On Monday, Canada elected a centre-left Liberal government, with Justin Trudeau as the new Prime Minister. Expectations are high and they are likely to come down to earth in the next few years. Bloomberg recently highlighted analysis by HSBC Canada David Watt of the challenges facing the Trudeau government:
"Until Canada overcomes its productivity and competitiveness hurdles, it will continue to feature cyclical behaviors similar to those of emerging-market economies," Watt wrote.Watt had the same reservations about productivity that I did (see my past post, Uh-oh, Canada!):
In his report, Watt joins some of his peers in arguing that an economic acceleration south of the Canadian border doesn't pack the same punch it once did. Bank of America Merrill Lynch Canada and U.S. Economist Emanuella Enenajor has detailed how Canada's sensitivity to U.S. domestic demand has been on the decline, while Steven Englander, Citibank's global head of G-10 currency strategy, has connected the subdued performance of Canada's non-energy exports to the ascendance of Mexico in U.S. manufacturing. Mexico now benefits handsomely from its proximity to the U.S. and enjoys its position as an integral part of many supply chains.As an investor, I would like to see the government, any government, take steps to boost Canadian competitiveness. The "old" ideas of the former Conservative government of "get government out of the way of business" only goes so far.

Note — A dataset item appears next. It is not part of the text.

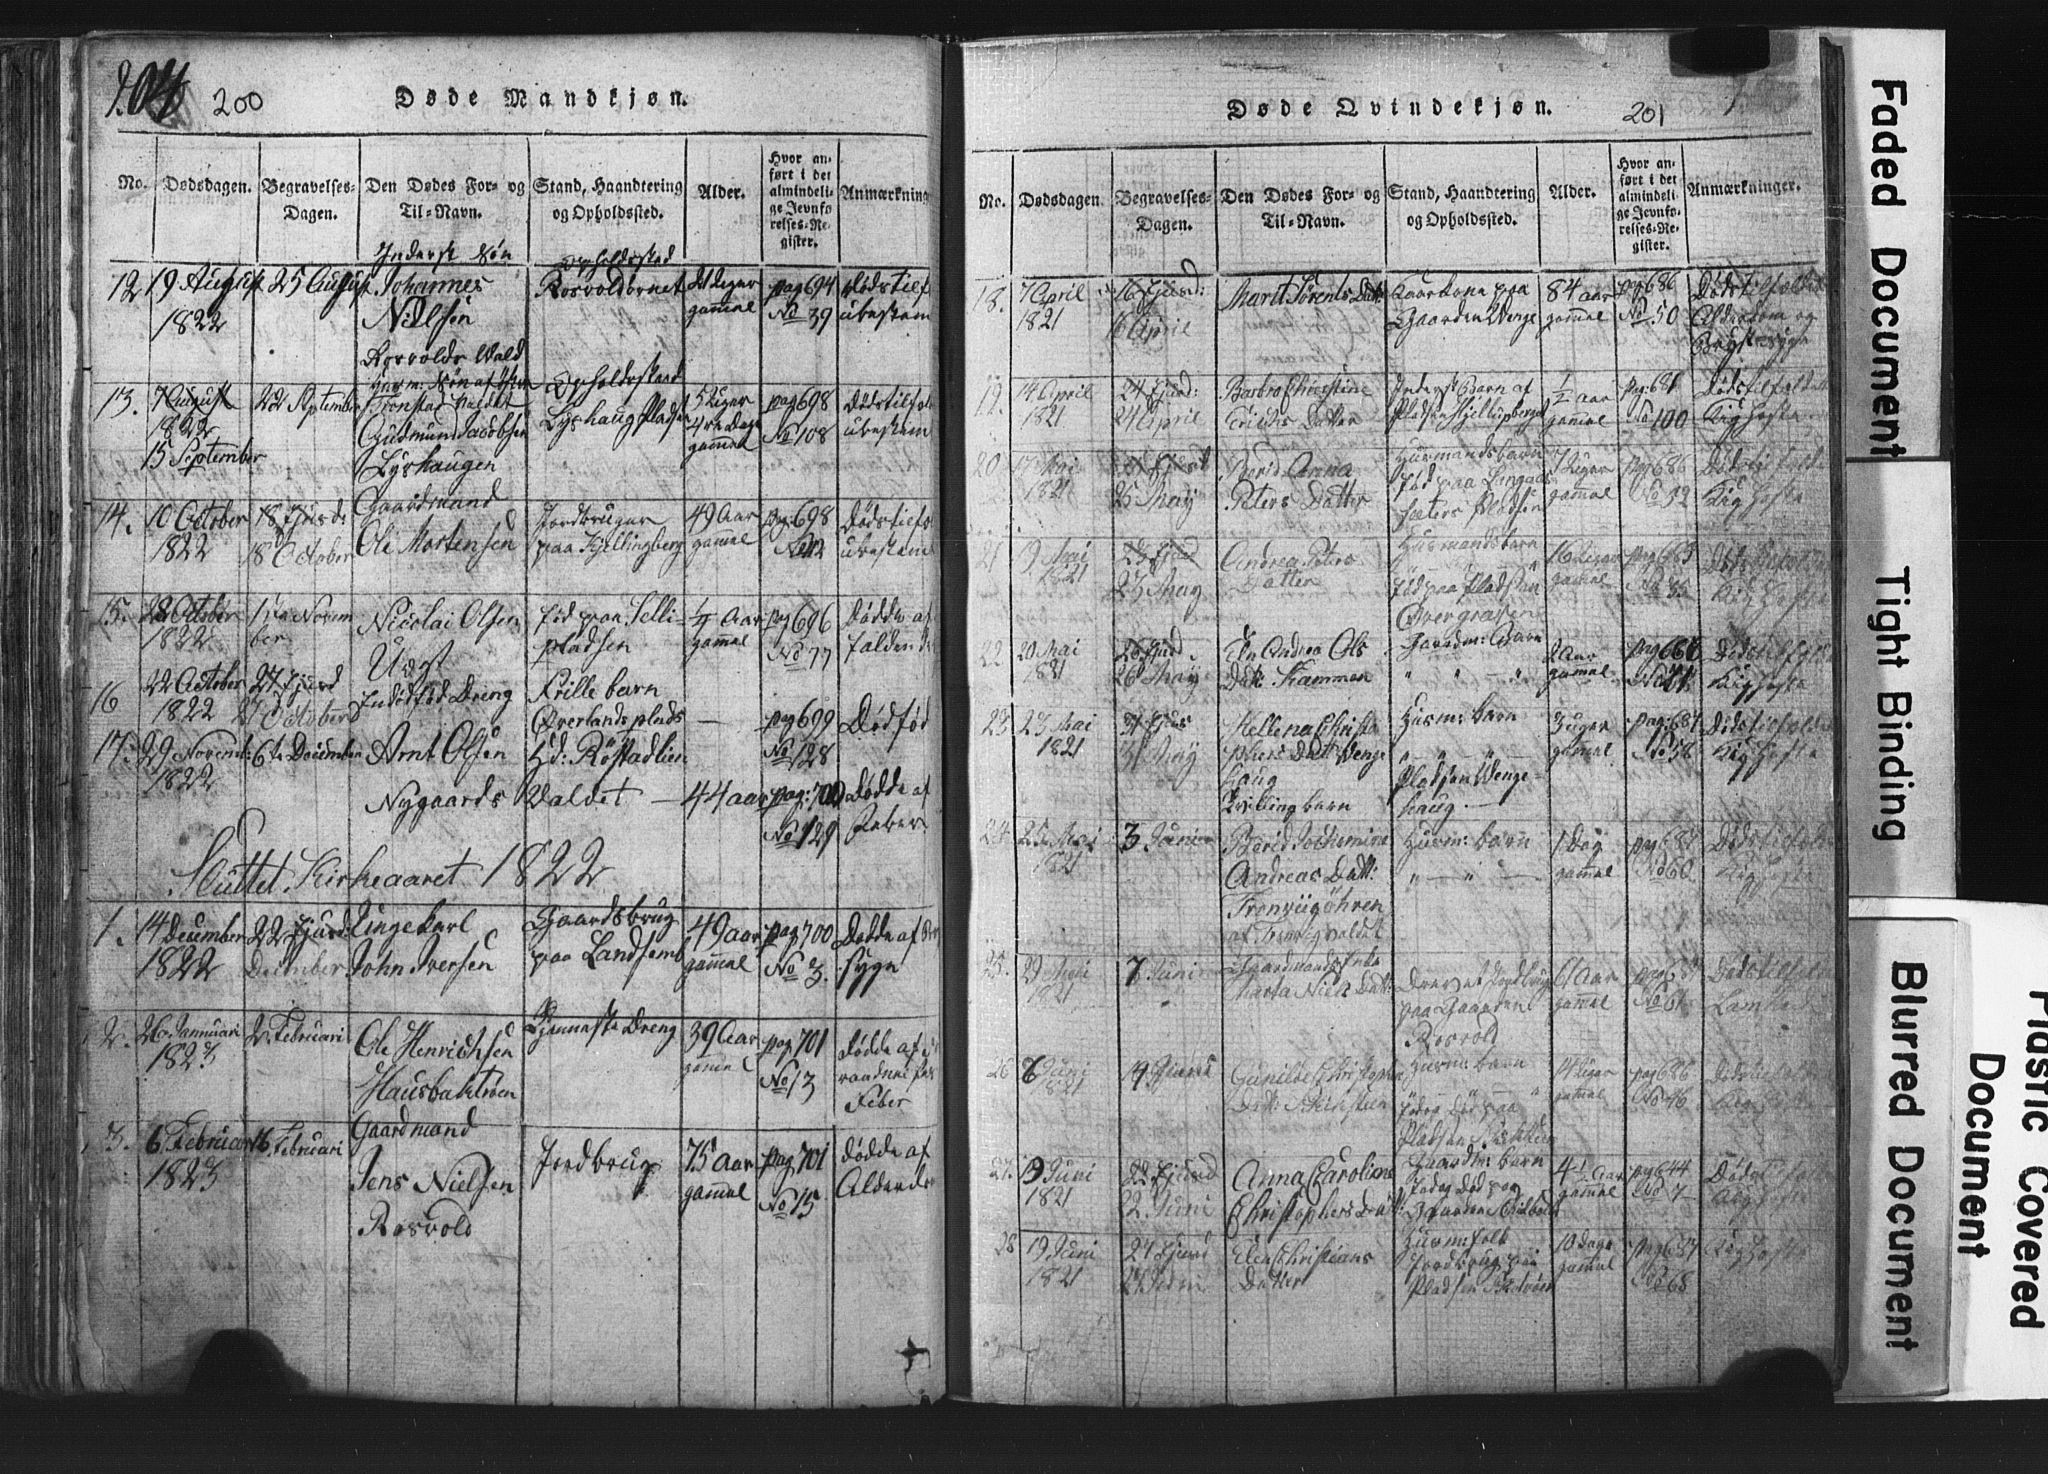 SAT, Ministerialprotokoller, klokkerbøker og fødselsregistre - Nord-Trøndelag, 701/L0017: Klokkerbok nr. 701C01, 1817-1825, s. 200-201

Canada's weakened currency has helped the nation increase its cost competitiveness with the U.S., Watt acknowledges, but hasn't significantly shifted the calculus.
Generally speaking, HSBC economists have found little evidence of exchange rate depreciation fueling export growth since the financial crisis. And some contend the weak exchange rate actually impedes productivity growth. The increase in competitiveness through lower labor costs masks productivity shortcomings, while the soft domestic currency makes importing such materials more expensive, the thinking goes.
The Harper-led Conservative government cut taxes and shrank services in the last 10 years, but the market did not show the desired response. A BCG study showed that Canadian manufacturing costs becoming uncompetitive with its NAFTA partners, the US and Mexico. Let's call the Harper small government plan Growth Plan 1.0.
Indeed, Macquarie recently called for a minimum target on the CADUSD exchange rate of 69c in order for Canada to be competitive:
The Liberals campaigned on a plan of running modest deficits to invest in infrastructure and stimulate growth. Call that Growth Plan 2.0. (Incidentally, I believe that one of the failures of the Tory campaign is to properly explain why deficits matter. The Trudeau plan of borrowing when the market will lend you money at 2% or less to invest in growth producing infrastructure is arguably sound.) While Growth Plan 2.0 is certainly an improvement over 1.0, the Liberal approach is very Keynesian. Though it will undoubtedly provide a short-term boost, it doesn't address long-term productivity issues facing Canada.
Growth Plan 3.0
What we need a Growth Plan 3.0 that focuses on improving productivity and innovation, which leads to sustainable quality growth. We don`t need the same-old-same-old innovation solutions of research and development tax credits, nor will the tired approach of squeezing labour costs in export industries like autos be sustainable in the long-run. It only leads to playing the game of competing with Emerging Market economies, where Canadian workers get paid at EM wages scales.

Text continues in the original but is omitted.